Монах был из обители; с отроческих лет пробыл там, изрос в келье, и в том пустынном житье, борясь с бесами, открылась ему, наверное, подноготная всего сущего, что обитает под небесами. И так почудилось служивому: вот бросил старец один лишь взгляд из-под слезящихся сизых век и как бы зацепил Любима удою и потянул на берег, словно ошалелую от боли рыбину. Иначе бы для чего бездельно торчать за спиною у чернца, когда на стане уже колотят вощагою в медную сковороду и сзывают приписных на трапезу. И стремянному самое время быть там.
Но дремотно было, тихо, обавно на краю озерной чаши, утопленной в моховины; болотная прель, настоянная на багульнике, погружала в сладкое оцепенение. На всю округу ныл комар; серой шевелящейся пеленою был накрыт и инок. В круглом вороте заношенного коричневого понитка виднелась беззащитная тощая шея, облитая комаром, но монах не отбояривался, не скрипел зубами, но покорно принимал досаду, словно задресвел шкурою, иль была сладка эта боль.
– Знать, любишь рыбку ловить, старик, раз на пустом месте баклуши бьешь, – снова поддел Любим.
– Ты что, скрозь видишь?
– А хоть и скрозь. Я много всякого места перевидал. Меня Медвежья Смерть кличут, – вдруг похвалился, будто кто за язык дернул.
– Ишь ты? – повернулся старец. – Вон какие люди по белу свету шляются. И что ты здесь позабыл, зрящий скрозь?
– А то и вижу, что зря баклуши бьешь, бездельный человек.

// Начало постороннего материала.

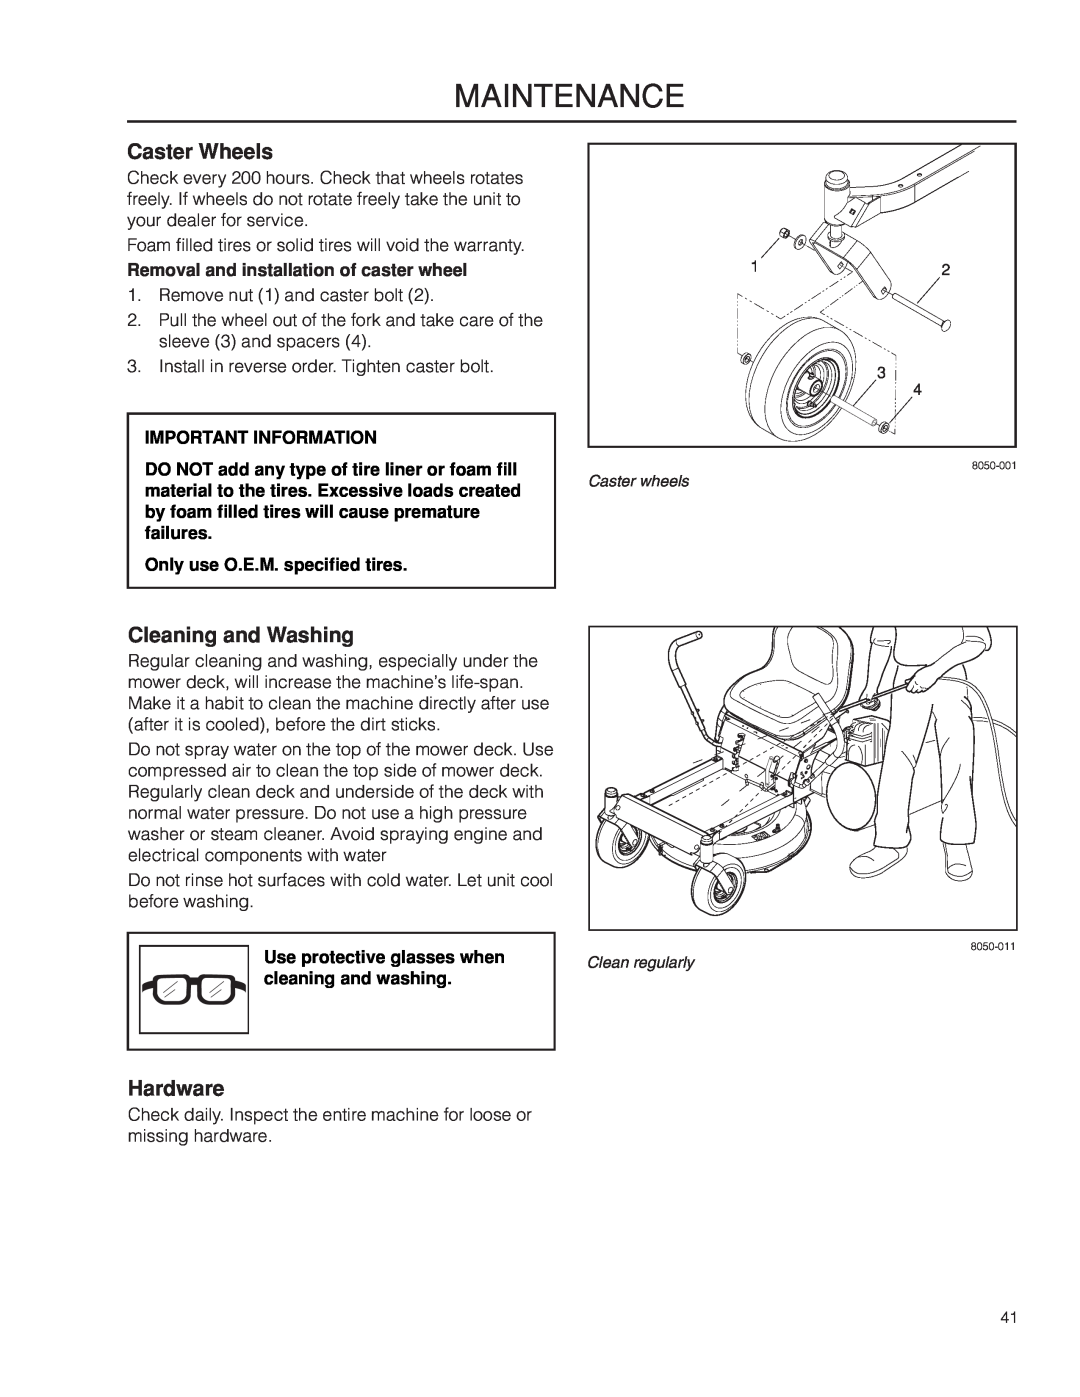 Dixon SPDZTR 30 manual Caster Wheels, Cleaning and Washing, Hardware, Maintenance, Removal and installation of caster wheel 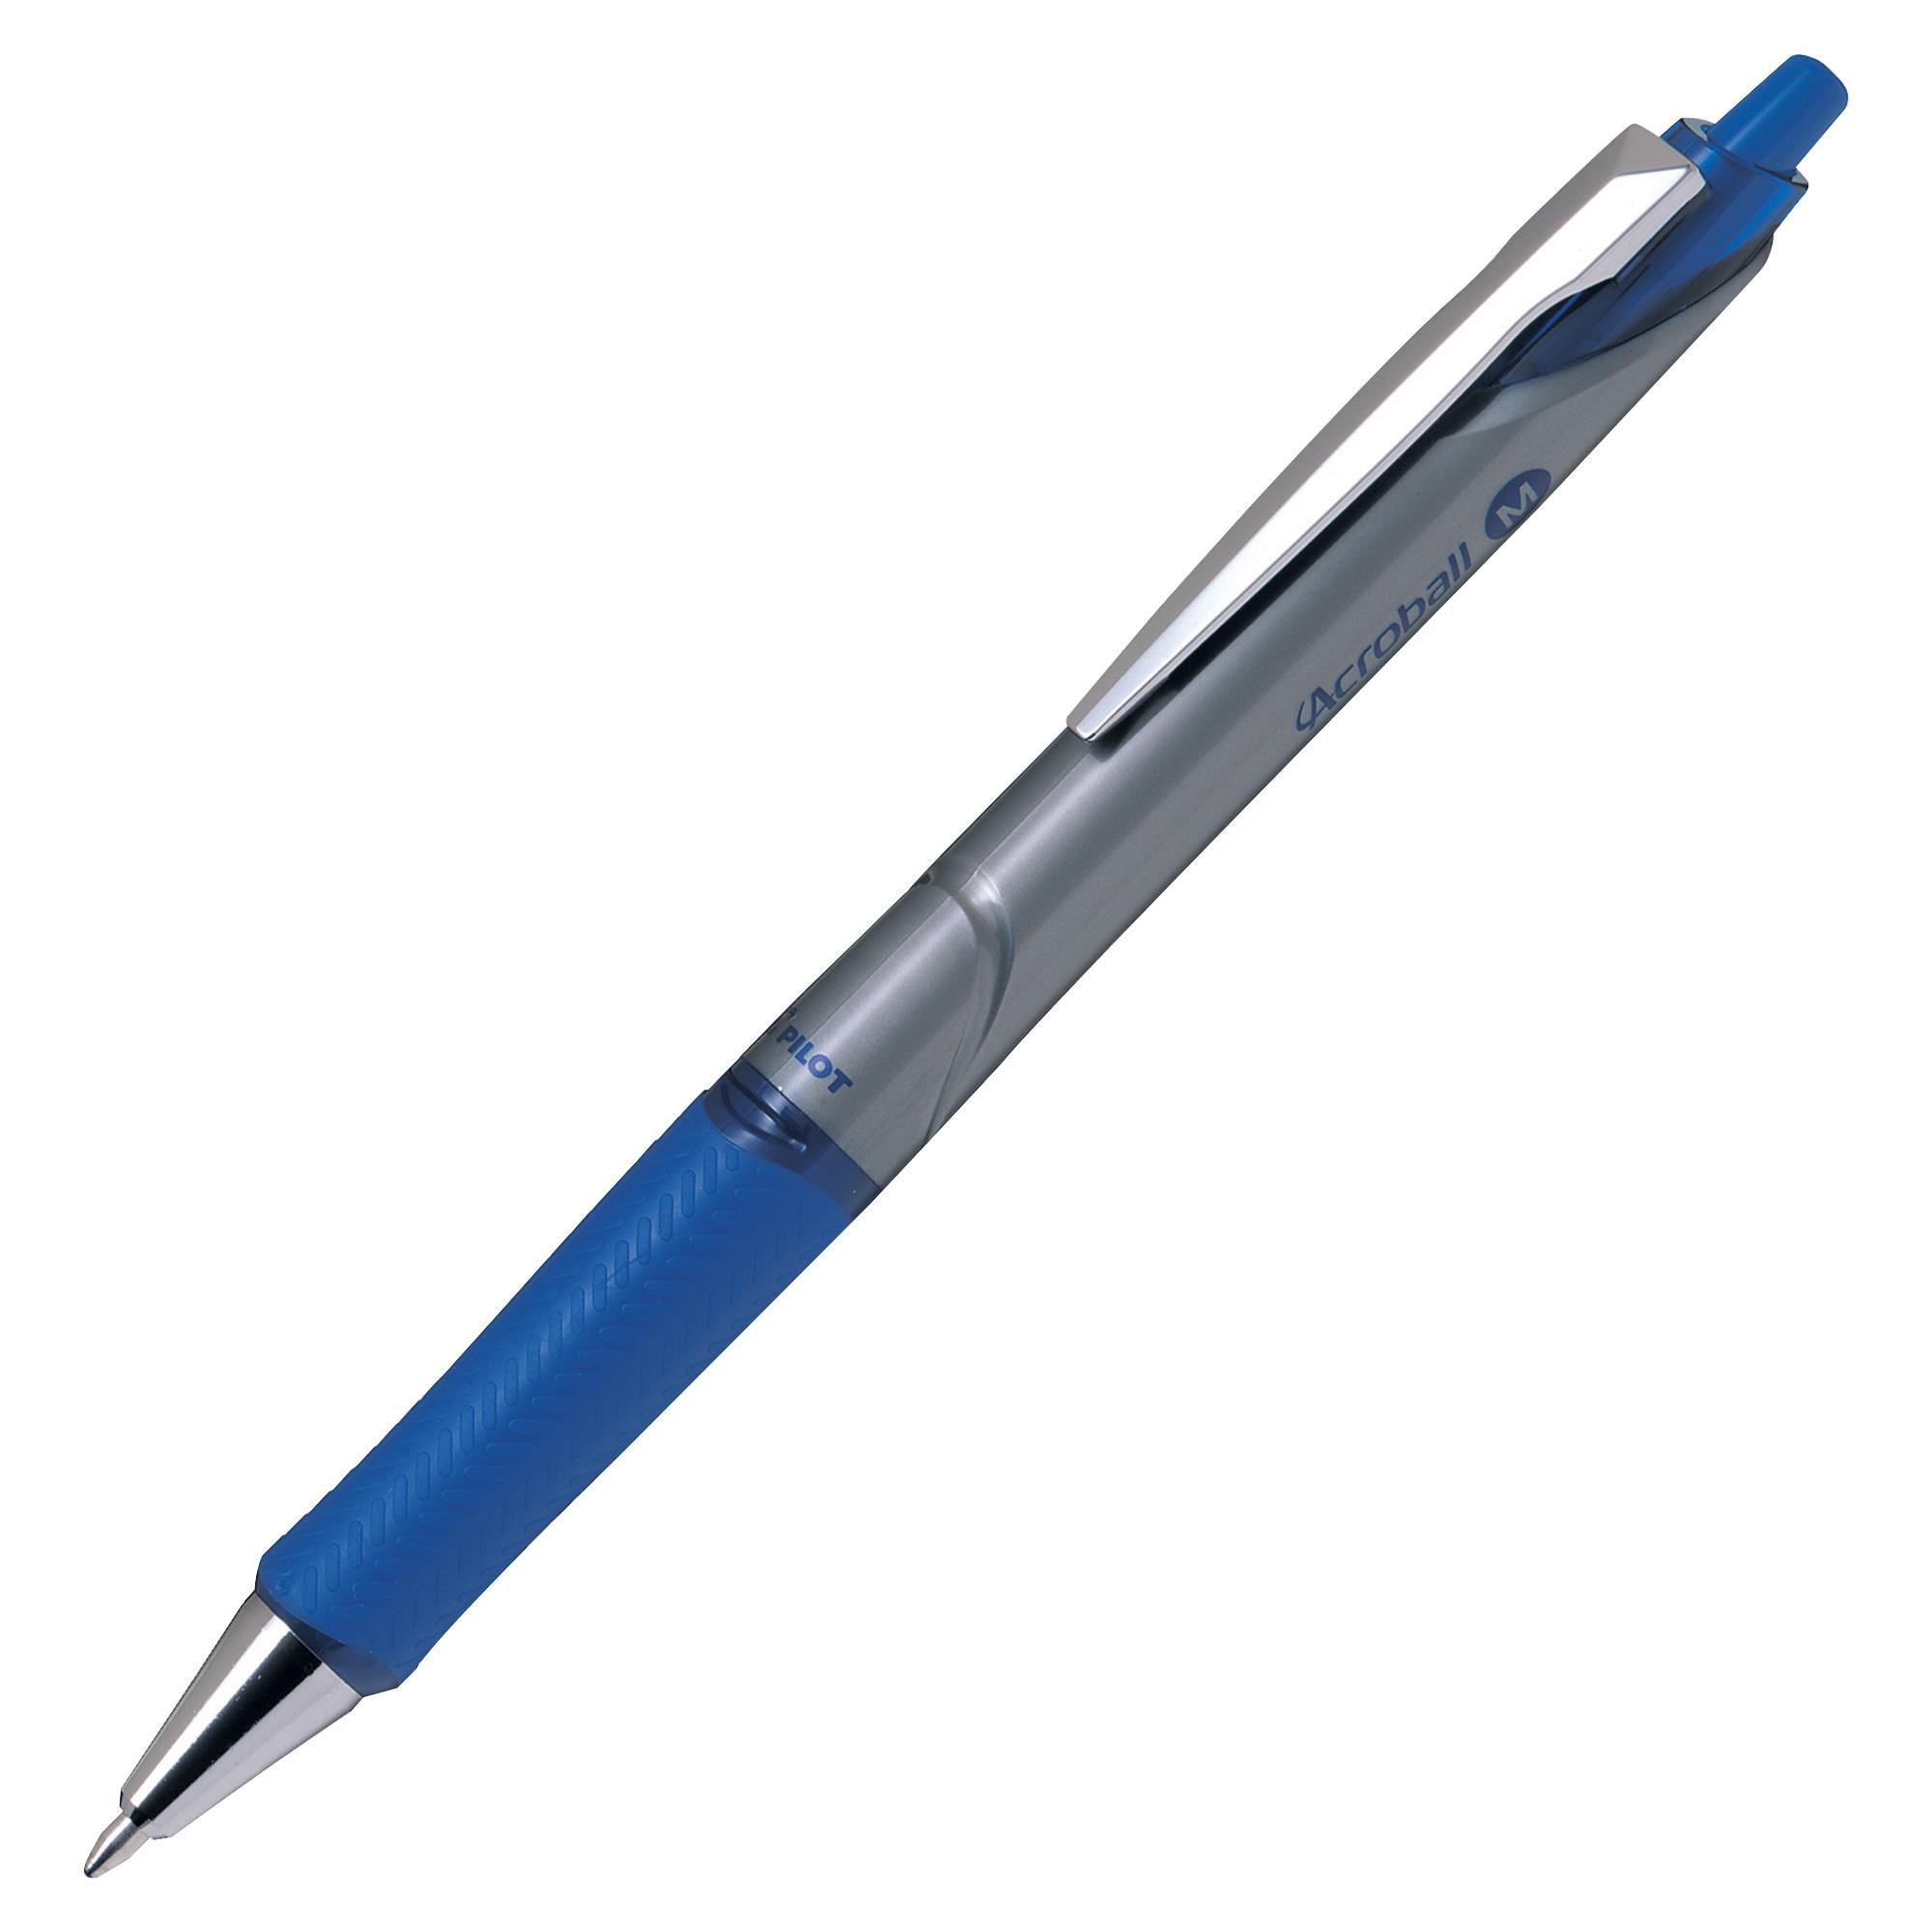 Acroball® Colors Advanced Ink Pen (1.0mm) - Acroball

– Сижу и ладно, никому не мешаю, никому не досаждаю. Но отовсюду гоним. Пришел ныне ты и гонишь… Вот промыслю окунька с палец во славу Божию, коли повезет, заварю ушички, похлебаю горяченького и стану молить Господа за пропитаньице. Что дал насущного хлебца позобать, удоволил плоть. Кто многого хощет, сынок, тот опосля свои пальцы грызет, долго плачет о неразумении, паче о глупости, и просит смерти… Ишь ты, Медвежья Смерть, а комара боишься. Велика ли животинка-то?..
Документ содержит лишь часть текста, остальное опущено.